Pour répondre aux manifestations pacifiques d’un groupe de militants d’un parti de l’opposition, la police charge sans ménagement. Le reporter de votre journal molesté.

Les discours avaient un peu endormi l’opinion, et j’ai eu la naïveté de croire que la police était devenue citoyenne, comme le souhaite le délégué général à la sûreté nationale Edgar Alain Mebe Ngo’o.
Informé hier lundi 23 juillet au matin d’une manifestation des militants de l’opposition à l’Ecole publique de Bonamoussadi, à Douala, je me rends comme tout reporter sur les lieux. Sur place, une troupe d’environ cent (100) personnes est amassée devant le bâtiment abritant les services de l’éducation de base de la localité. Ce bâtiment jouxte l’Ecole publique, où il y avait des bureaux de vote la veille. Mais ce bâtiment attire surtout l’attention parce que les procès verbaux de vote y sont conservés.
La barrière est protégée par des éléments de la brigade de gendarmerie d’Akwa Nord. A l’intérieur de la barrière, d’autres éléments sont en faction. Le sol est jonché de pancartes de fortune. On peut y lire “ Bye Bye Foning, non au détournement de nos votes, trop c’est trop. ” Tout le long de la route, des deux côtés, sont alignées des motos. Elles appartiennent de toute évidence aux manifestants.
L’ambiance est bon enfant, les manifestants échangent amicalement avec les éléments de la gendarmerie, dont l’attitude est admirée d’ailleurs. Ce corps d’armée a réussi à calmer la foule, et les éléments s’emploient à les convaincre qu’ils ont des moyens légaux pour porter toutes revendications. Certains prennent même le cas de la commune de Lobo où la liste Rdpc aux municipales a été disqualifiée, quoique la seule en lice. Avec des arguments juridiques convaincants, tout est possible, essaient-ils de dire.

Violence gratuite
C’est dans cette ambiance que j’arrive sur les lieux. Je m’approche d’un gendarme au niveau de la barrière, décline mon identité de journaliste, et demande à savoir ce qui se passe. J’ai à peine le temps de commencer la conversation. Un camion de la police arrive, venant de la direction du commissariat du XIIe arrondissement. L’escouade des éléments anti-émeutes saute du camion, et se met à charger la foule est désarmée. A l’aide des matraques et des bottes, les sbires sont décidés à montrer de quoi ils sont capables : la barbarie. Rien en effet sur les lieux ne justifiait leur présence, encore moins leurs actes. J’avais cru un instant que cette escouade venait pour contenir la population, afin qu’elle n’occupe pas la chaussée. Erreur. L’instinct animal était plus fort chez ces hommes en tenue. Visiblement, la troupe avait reçu l’ordre de charger, pas d’évaluer la situation. Et ces hommes, souvent le dernier maillon d’une chaîne, ont fait le sale boulot. J’ai beau lever les mains, crier que je suis journaliste, que je ne suis militant d’aucun parti, rien n’y fait. Je reçois des coups de matraque partout. La tête, les épaules, le poignet qui essaie de bloquer, le dos…Et ça vient de tout côté. Impossible de fuir, encore que je ne m’en étais pas fait une option. J’essaie de me réfugier derrière le gendarme, mais il me repousse vers les policiers enragés.

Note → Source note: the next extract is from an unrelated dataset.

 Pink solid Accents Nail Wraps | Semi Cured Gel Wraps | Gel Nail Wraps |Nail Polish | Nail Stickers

Quand je réussis à m’extirper, la douleur commence à me pénétrer. J’étais presque la dernière âme qui vive dans leur girond.
Ils se déchaînent maintenant sur les motos rangées le long des trottoirs. Après les avoir bousculées du pied, ils cassent minutieusement, à l’aide des matraques, les rétroviseurs, les pots de phare et de clignotants. Un vrai travail de vandales. Et ça ne suffit pas. Ils usent maintenant du gaz lacrymogène, et en balancent partout. Une fois de plus pour rien. Du pur gaspillage.

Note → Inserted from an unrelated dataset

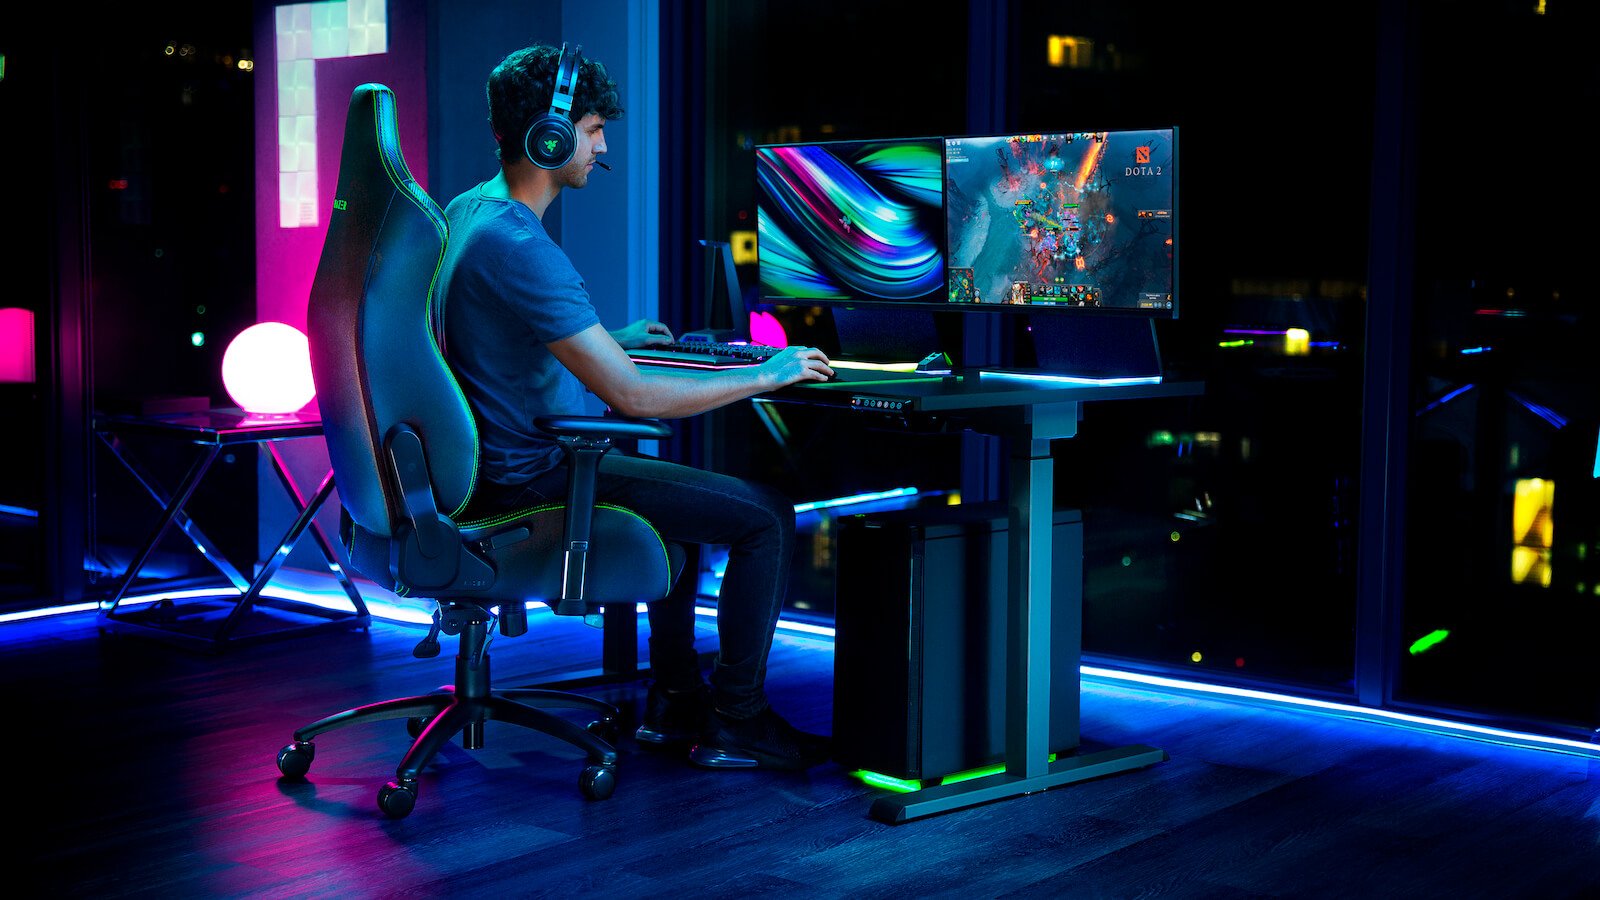 Razer Iskur lumbar-support gaming chair gives you posture-perfect gaming

En 2007, la police camerounaise n’intègre pas toujours la notion de manifestation pacifique. Et une fois de plus, les journalistes en paient les dégâts collatéraux.
A l’hôpital, le médecin a diagnostiqué les œdèmes, hématomes, œdème occipital, contusion traumatique sévère, entre autres.


Communique de presse
Le Snjc condamne l’agression sauvage d’un journaliste du quotidien Le Messager à Douala


Le Syndicat national des journalistes du Cameroun (Snjc) a appris avec la plus grande tristesse l'agression sauvage dont a été victime le 23 juillet 2007 à Douala, Roland Tsapi, journaliste, chef service politique, délégué du personnel suppléant Snjc au quotidien Le Messager dont le siège est à Douala, victime d’une escouade de policiers descendus d’un camion anti-émeute.

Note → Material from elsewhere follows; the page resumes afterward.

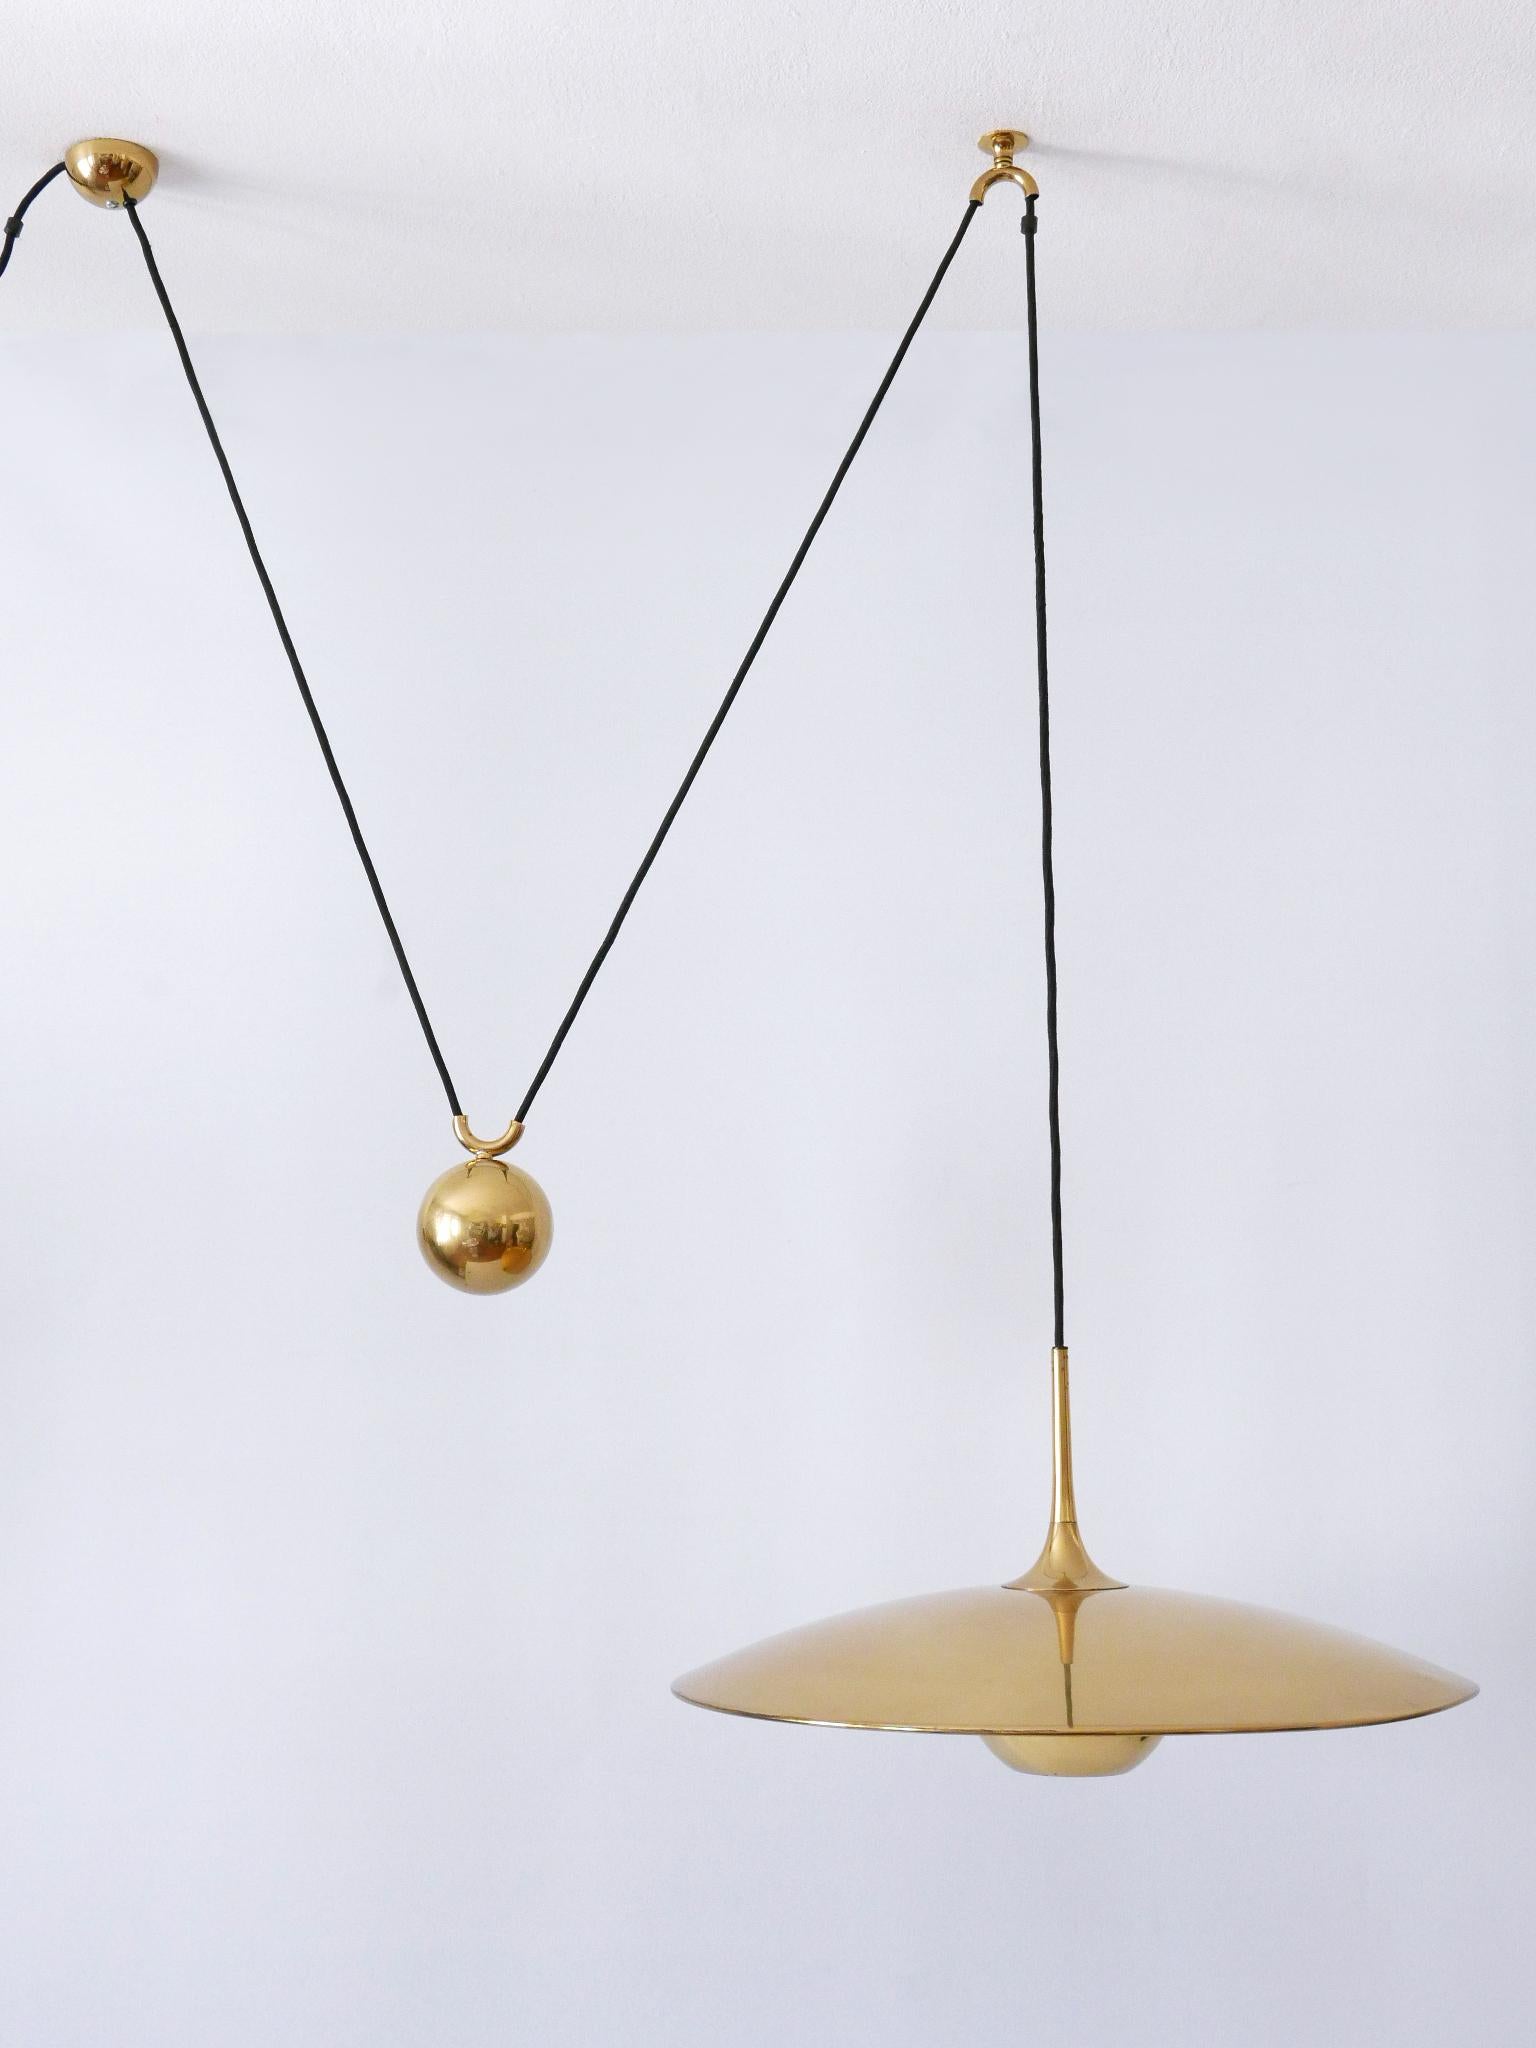 Late 20th Century Elegant Counterweight Brass Pendant Lamp 'Onos 55' by Florian Schulz 1970s

L’agression a été perpétuée dans la cour de l’inspection d’arrondissement de l’Education de base du quartier Bonamoussadi alors que notre confrère couvrait une manifestation pacifique constituée des militants de l’opposition et des conducteurs de moto-taxis, lesquels dénonçaient les tripatouillages électoraux et les fraudes qui ont émaillé les élections couplées (législatives et municipales) du 22 juillet 2007 dans cette localité.
Cette agression d’une autre époque est intervenue alors que ce journaliste s’entretenait avec des éléments de la gendarmerie en faction ; rien en principe ne justifiait donc l’arrivée de “l'expédition punitive" de la police.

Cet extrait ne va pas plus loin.